To evaluate the advantage of GMFTP in incorporating functional annotation into complex detection process, we compare its results with those of other approaches which also take functional property into consideration. A popular framework on this topic can be divided into two steps: to weight the strengths of interactions using some semantic similarity measures, and then to detect complexes from the weighted PPI networks using some graph clustering algorithms [2225]. The main difference between them lies in the different similarity measures and clustering algorithms they use. Since there is no public software available for these approaches, we design a heuristic comparison. We employ three widely used measures Jiang ([52], Kappa [53] and Lin [54]) to weight the PPI network and apply four algorithms (AP, ClusterONE, MCL and SPICi) which can handle weights to detect complexes. The package csbl.go [55] is used to calculate the similarities between proteins, and the weights of interactions which involve unannotated proteins are set to 1. The parameter settings of the clustering algorithms are presented in Additional file 1. We also compare GMFTP to COAN [34] which considers GO slim annotations by constructing an ontology augmented network.

Table 3 presents the comparative performance with ClusterONE using the total GO annotation with respect to the CYC2008 reference. The results of the three individual subontologies (BP, CC and MF), the other four clustering algorithms (AP, COAN, MCL and SPICi) and the SGD gold standard are reported in Additional file 2. For each clustering algorithm (AP, ClusterONE, MCL and SPICi), the performance differs a little with different GO similarity measures; and for each semantic measure (Jiang, Kappa and Lin), the relative performance changes depending on the clustering algorithm and the PPI network under consideration. We also find that the relative performance of each clustering algorithm and each semantic measure depends on the functional property of each subontology individually, which indicates that there is no single clustering algorithm and semantic measure that can dominate the rest in all cases. Overall, GMFTP and ClusterONE are competitive. In some cases, ClusterONE with deliberately selected semantic measure may obtain higher ACC scores than GMFTP. However, GMFTP outperforms ClusterONE in terms of the MMR and PR scores. For the Collins, Gavin and BioGRID networks, SPICi achievers better performance than GMFTP using the PR score under some circumstances, but GMFTP is superior to SPICi using the other three evaluation scores. What is more, GMFTP achieves the best MMR score which is a new evaluation measure recommended in [17] in most cases. These results demonstrate that GMFTP is an effective approach that can make full use of the topological and functional properties for protein complex identification.
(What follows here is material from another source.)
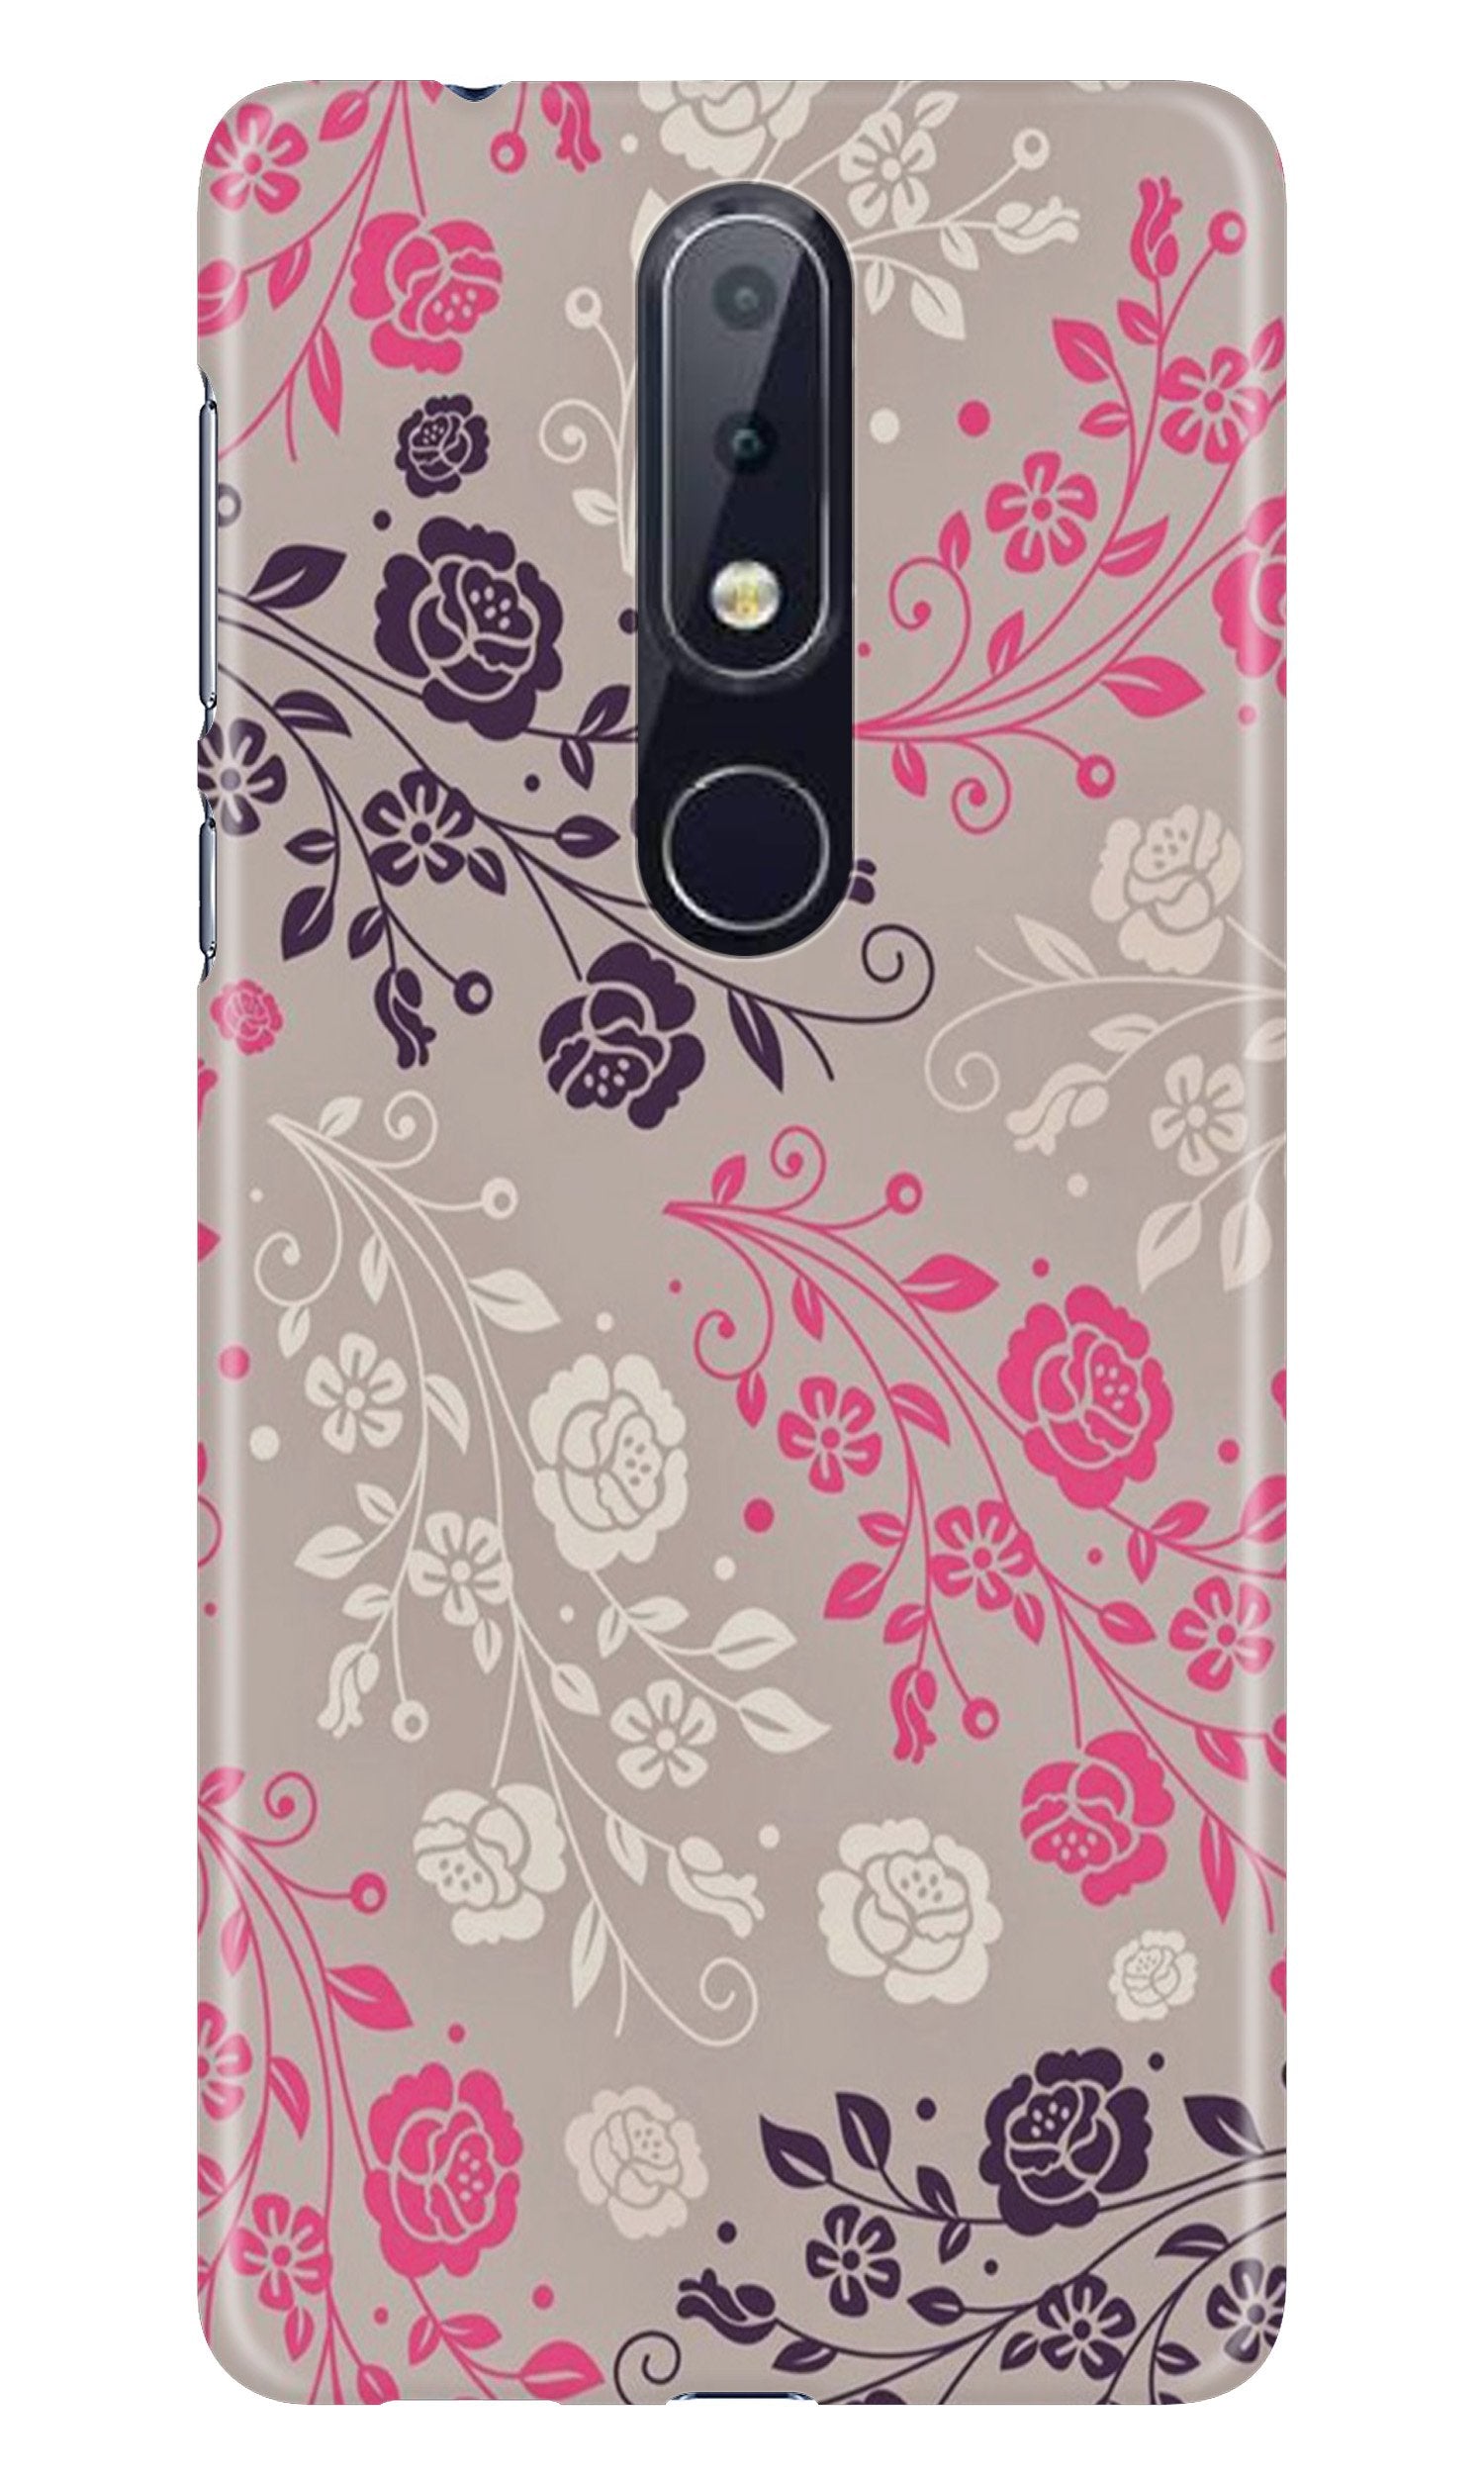 Pattern2 Case for Nokia 7.1

Table 3 Benchmark results using both the PPI network and the total GO annotation with respect to the CYC2008 gold standard

Detecting multifunctional proteins

It is well known that a protein may carry out different functions in different complexes. A desirable approach to complex detection therefore should be able to accommodate proteins that belong to more than one complex. Due to the absence of a reference set of bona fide multifunctional proteins, it is impractical to compare different approaches at this job directly. We resort to test how well the set of multi-group proteins predicted by GMFTP matches with those of the other methods which also handle overlaps (CFinder, ClusterONE, Linkcomm, MINE and SR-MCL) and the two gold standards (CYC2008 and SGD). For GMFTP, we concentrate on the results of two cases (PPI only and PPI+total). For ClusterONE, we use the results of the two versions (weighted and unweighted) of networks. A protein is regarded as a multi-group protein if it belongs to more than one predicted (or reference) complex, and it is a mono-group protein if it belongs only to one predicted (or reference) complex. Overall, the multi-group proteins recovered by our model significantly (hypergeometric test, P-value ≤ 0.01) overlap with those of the other approaches and the gold standards (Additional file 4).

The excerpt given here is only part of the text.